Literature Search and Reporting

We conducted a literature search through six electronic databases (PubMed, Cochrane Library, Web of Science, Embase, ScienceDirect, and Google Scholar) from 2000 to 2022. The search was conducted per Preferred Reporting Items for Systematic Reviews and Meta-Analyses (PRISMA) guidelines and a priori protocol from PROSPERO to identify randomized clinical trials and other primary studies relevant to our research. The search also used Boolean operators "AND" and "OR" combined with appropriate search terms. The search strategy used was as follows: (amiodarone) AND (implantable cardioverter-defibrillator OR ICD) AND (sudden cardiac death OR SCD OR sudden cardiac arrest OR arrhythmic death OR all-cause mortality). For additional studies, the reference lists of the identified studies and relevant systematic reviews and meta-analyses were scrutinized.

Eligibility Criteria

Articles identified in the mentioned electronic databases were independently screened by two reviewers using the inclusion and exclusion criteria. The inclusion criteria were as follows: studies conducted on human subjects only, articles written and published in the English language, studies that compared amiodarone and implantable cardioverter-defibrillator, studies with sudden cardiac death and all-cause mortality as the endpoints, and randomized clinical trials with a large number of participants (i.e., 10 or more patients/participants).
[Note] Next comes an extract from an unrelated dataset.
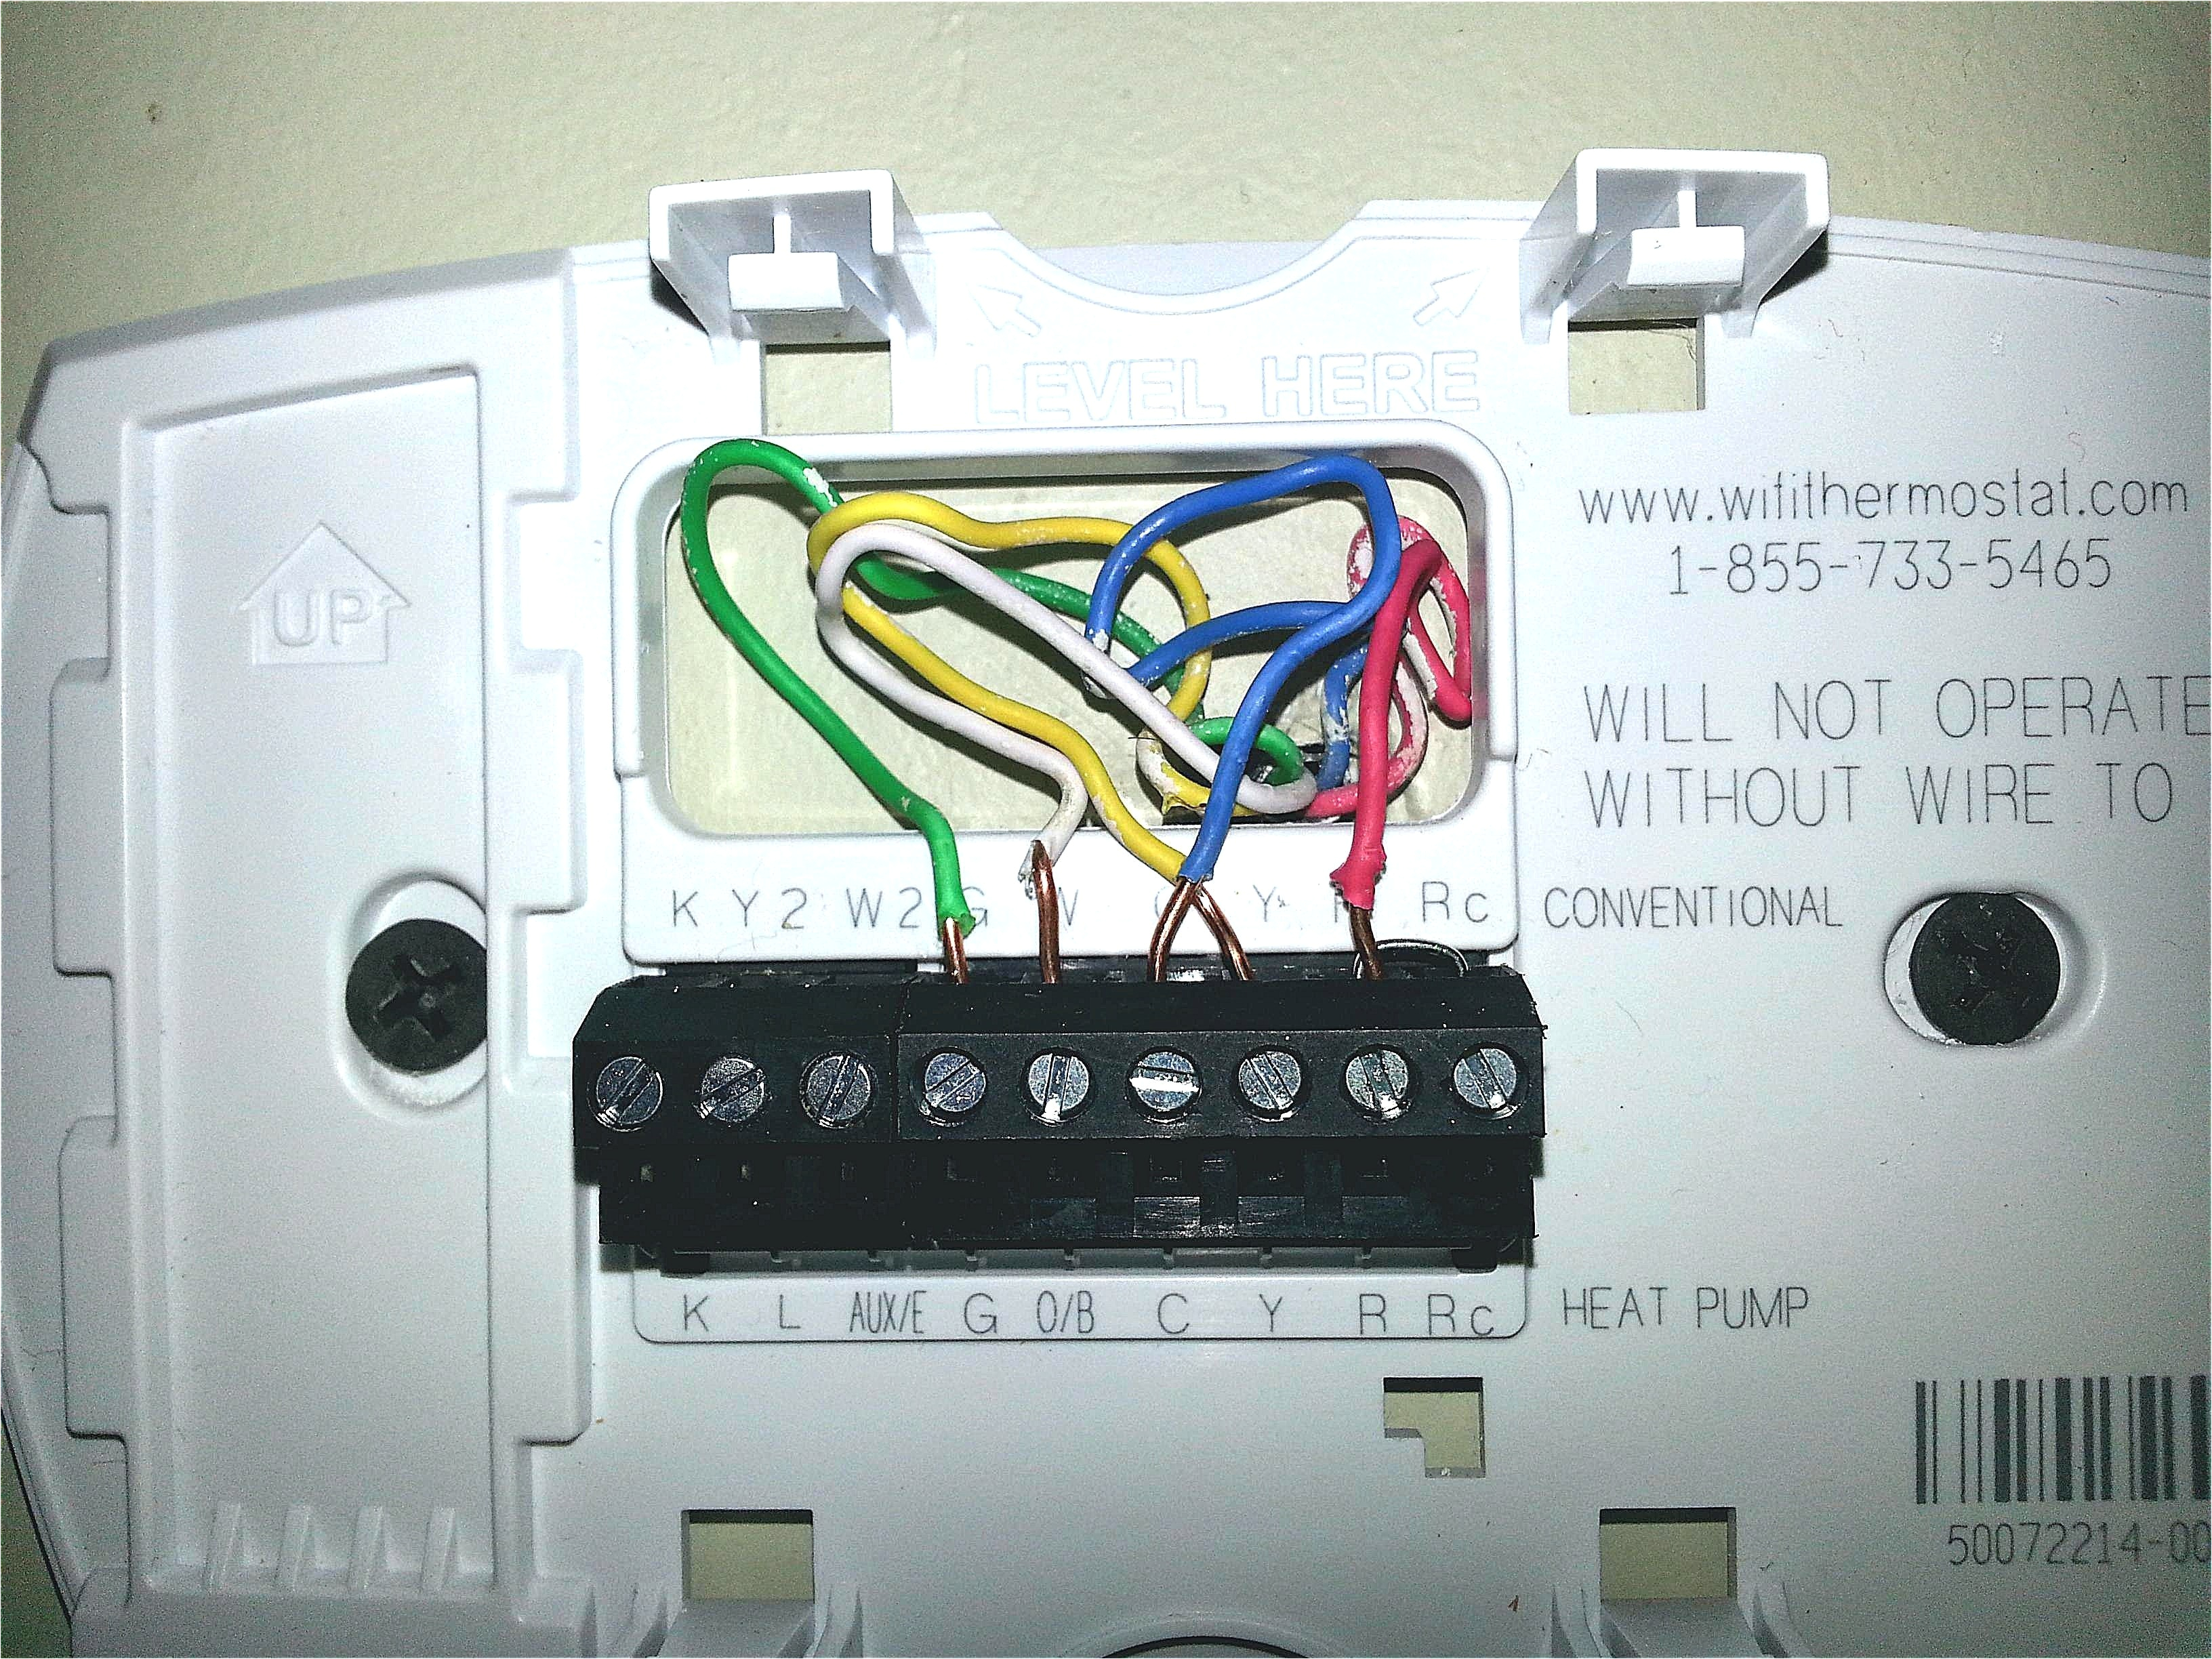 wiring diagram on honeywell heat pump thermostat wiring rth6580wf honeywell rth6580wf thermostat wiring diagram honeywell rth6580wf wiring diagram
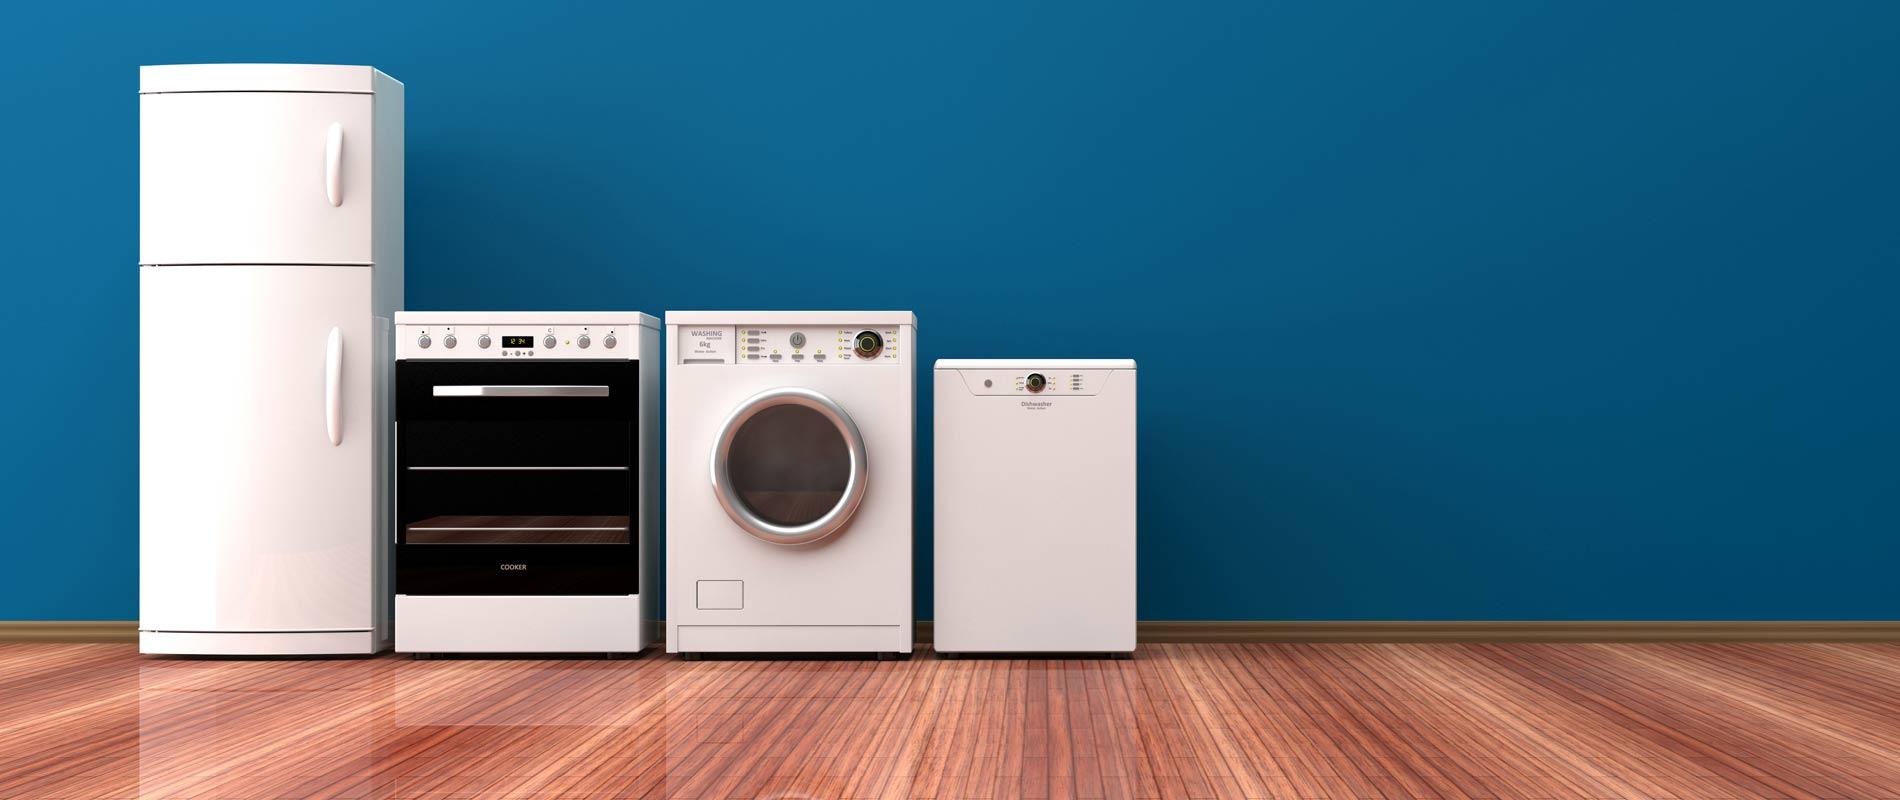 Appliance Repair In Santa Fe Nm Refrigerator Whirlpool Washing Machine Parts Diagram Besides Duet Washer Most On Hand

On the other hand, we excluded studies from this review based on the following criteria: studies conducted on animal subjects, articles written and published in languages other than English (we made this consideration because some scientific words are usually lost in translation), studies that independently compared either amiodarone or implantable cardioverter-defibrillator to other treatment options, studies that generalized antiarrhythmic drugs (i.e., studies that were unable to distinguish patients assigned to each antiarrhythmic drug and presented results in generalized form), studies that compared the cost benefits of amiodarone to implantable cardioverter-defibrillator, and case reports. Letters to the editor were also excluded from this review.

Quality Assessment

The quality of every included study was assessed according to the criteria outlined in the Cochrane Handbook for Systematic Reviews and Meta-Analyses. The Review Manager software (RevMan 5.4.1) was instrumental in the risk of bias assessment of every study. The elements considered in assessing the study quality included selection, performance, attrition, and reporting bias. Using the mentioned elements, we classified each study into three categories: "low risk," "high risk," and "unclear risk." A study was considered to have a low risk of bias if it had valid results. Therefore, studies with a low risk of bias were essential when conducting the meta-analysis of data. Studies with insufficient to invalid results were deemed to be of high risk of bias and could not be used in the meta-analysis. On the other hand, studies were deemed to be of unclear risk if the reviewers' judgment was ambiguous due to the few details provided in the studies. Figure 1 shows the risk of bias graph.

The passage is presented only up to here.